WHAT TO PRODUCE | In the material below, write out each line word for word and omit the pictures.

DATA SEGMENT |
▼

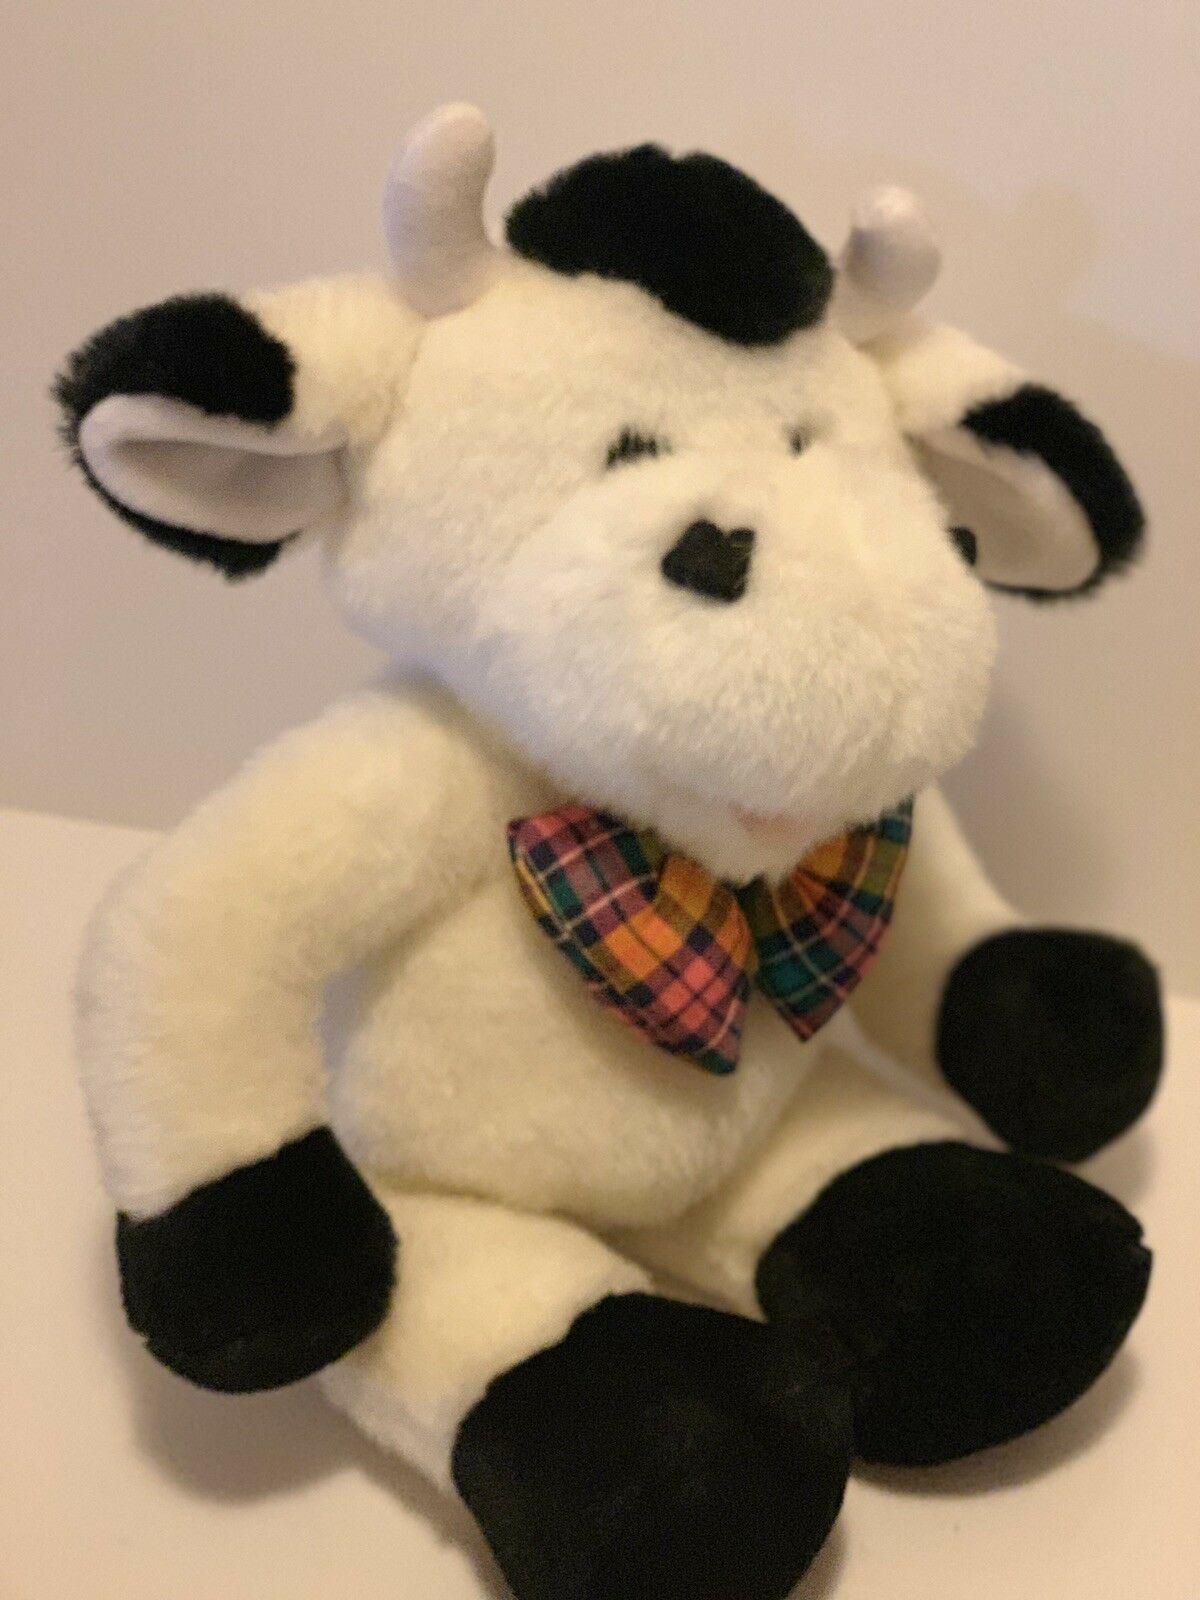 "Commonwealth Plush Cow Black White Stuffed Animal Plaid Bow Tie Soft 14"" Toy"
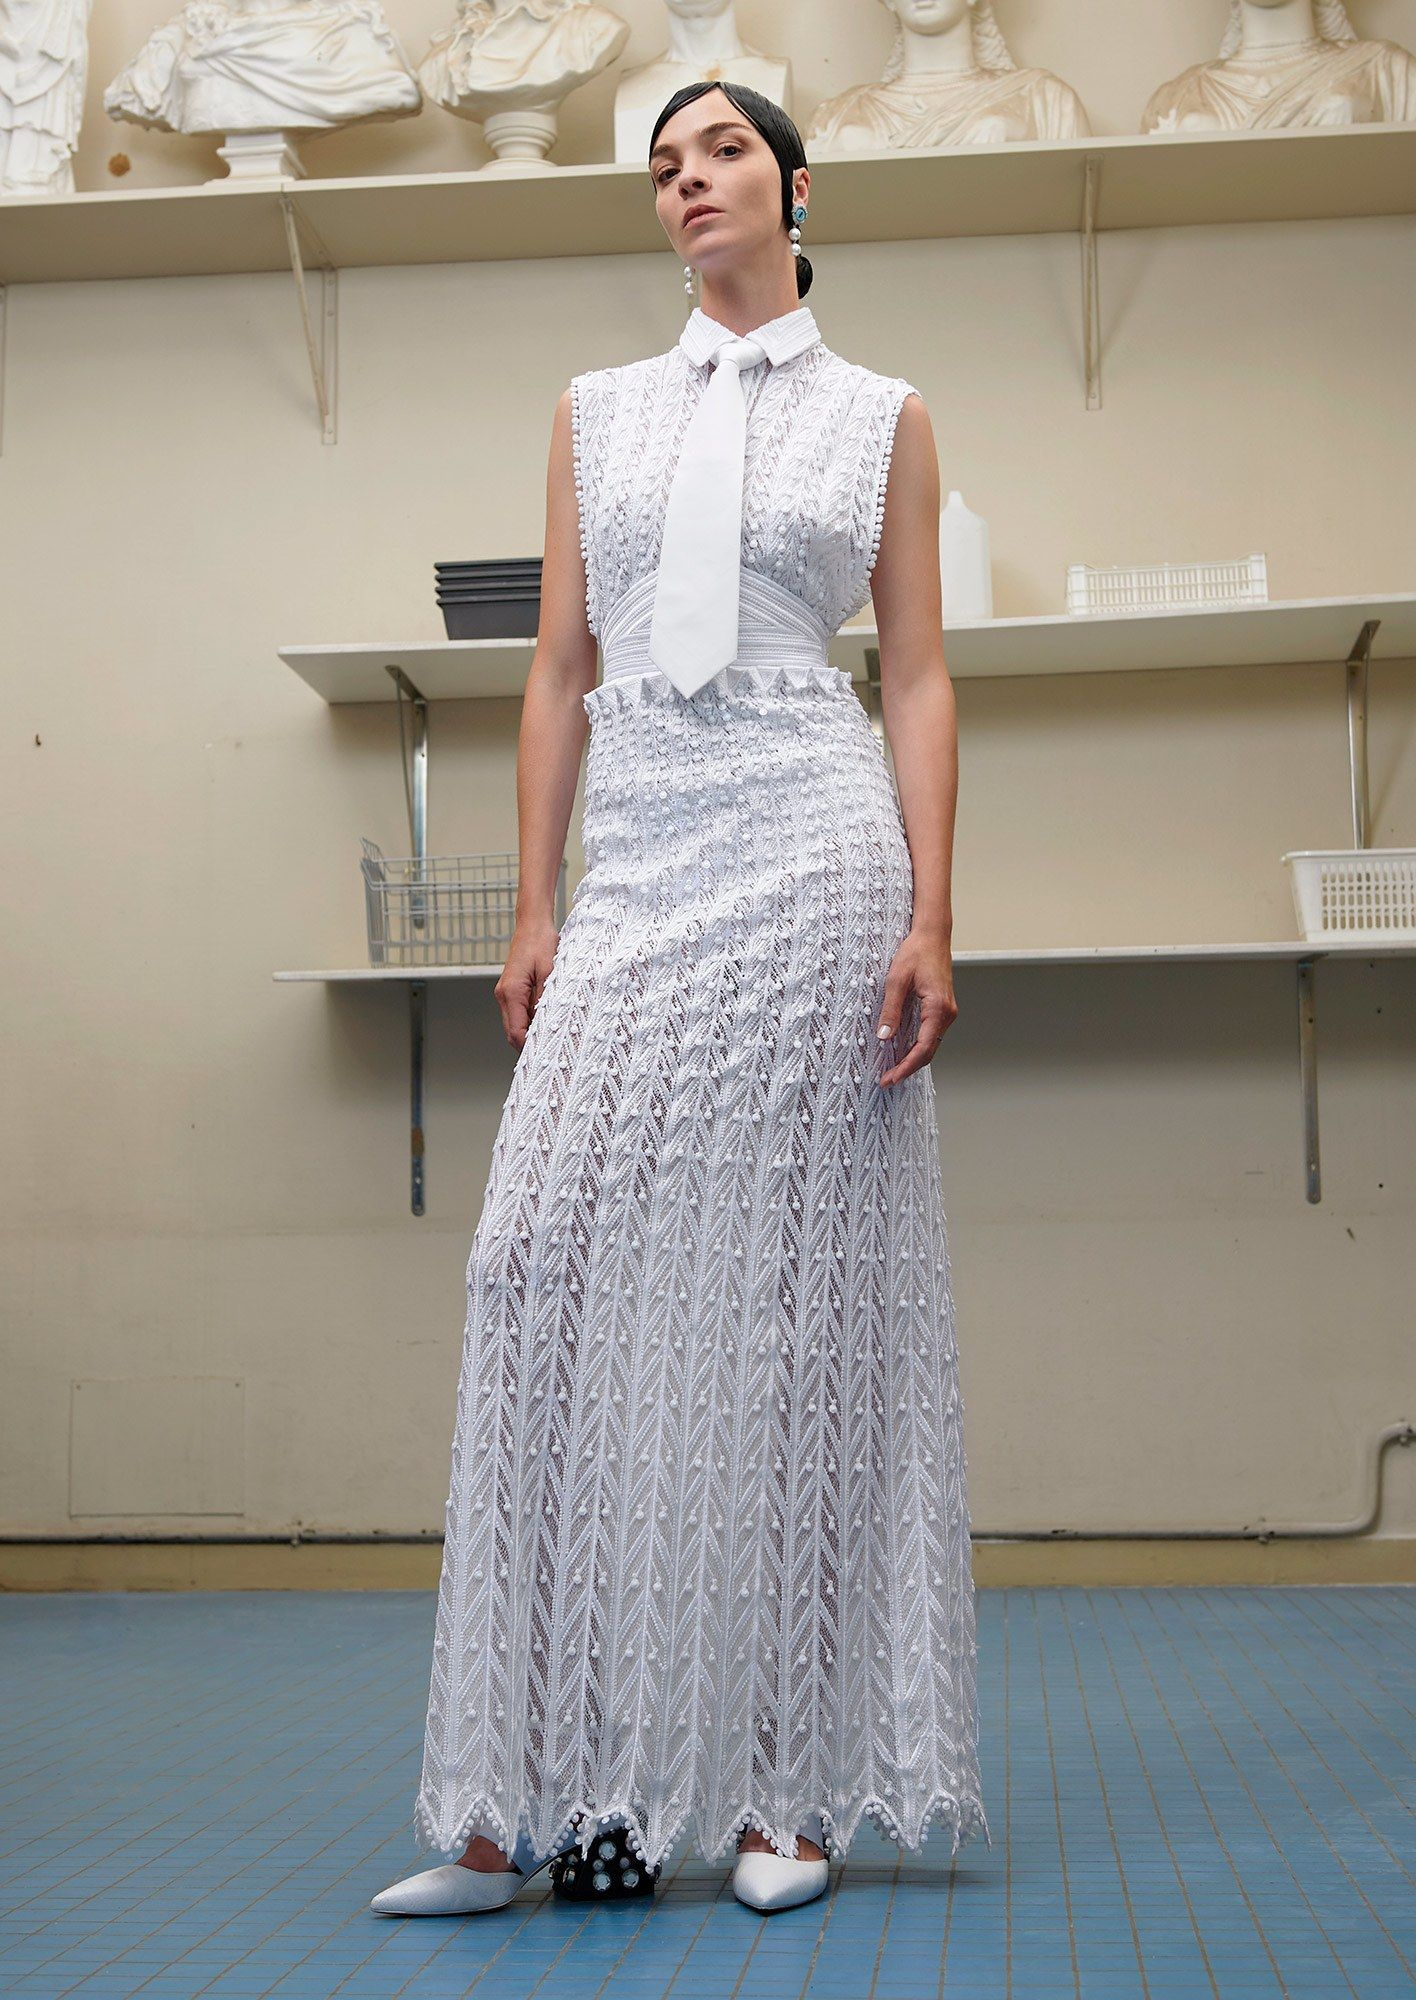 Givenchy Fall 2016 Couture Fashion Show - Mariacarla Boscono (Viva)
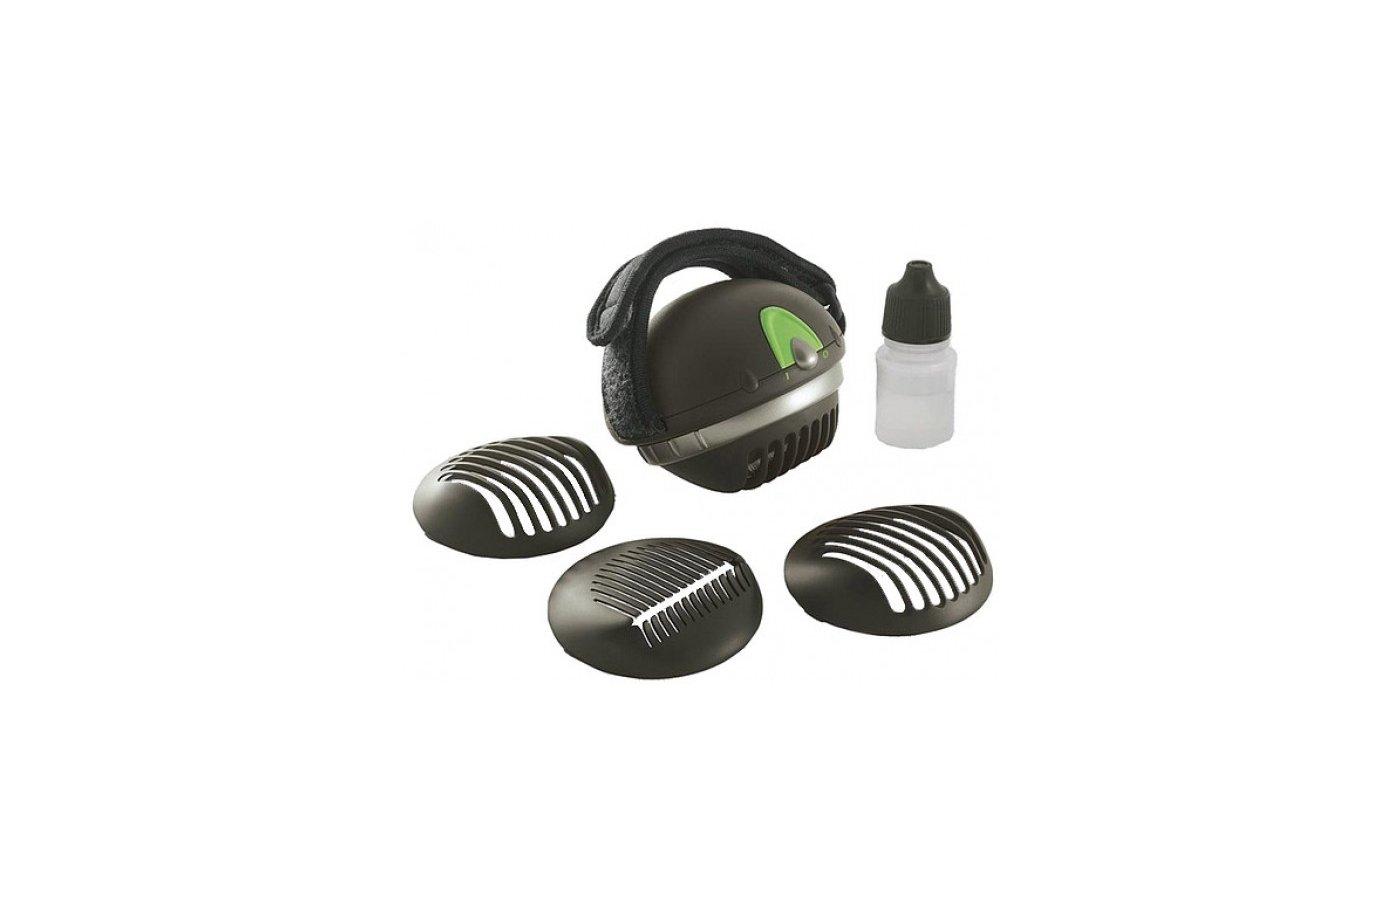 Машинка для стрижки волос Vidal Sassoon VSCL 118

▲

TASK SOLUTION |
 "Commonwealth Plush Cow Black White Stuffed Animal Plaid Bow Tie Soft 14"" Toy"
 Givenchy Fall 2016 Couture Fashion Show - Mariacarla Boscono (Viva)
 Машинка для стрижки волос Vidal Sassoon VSCL 118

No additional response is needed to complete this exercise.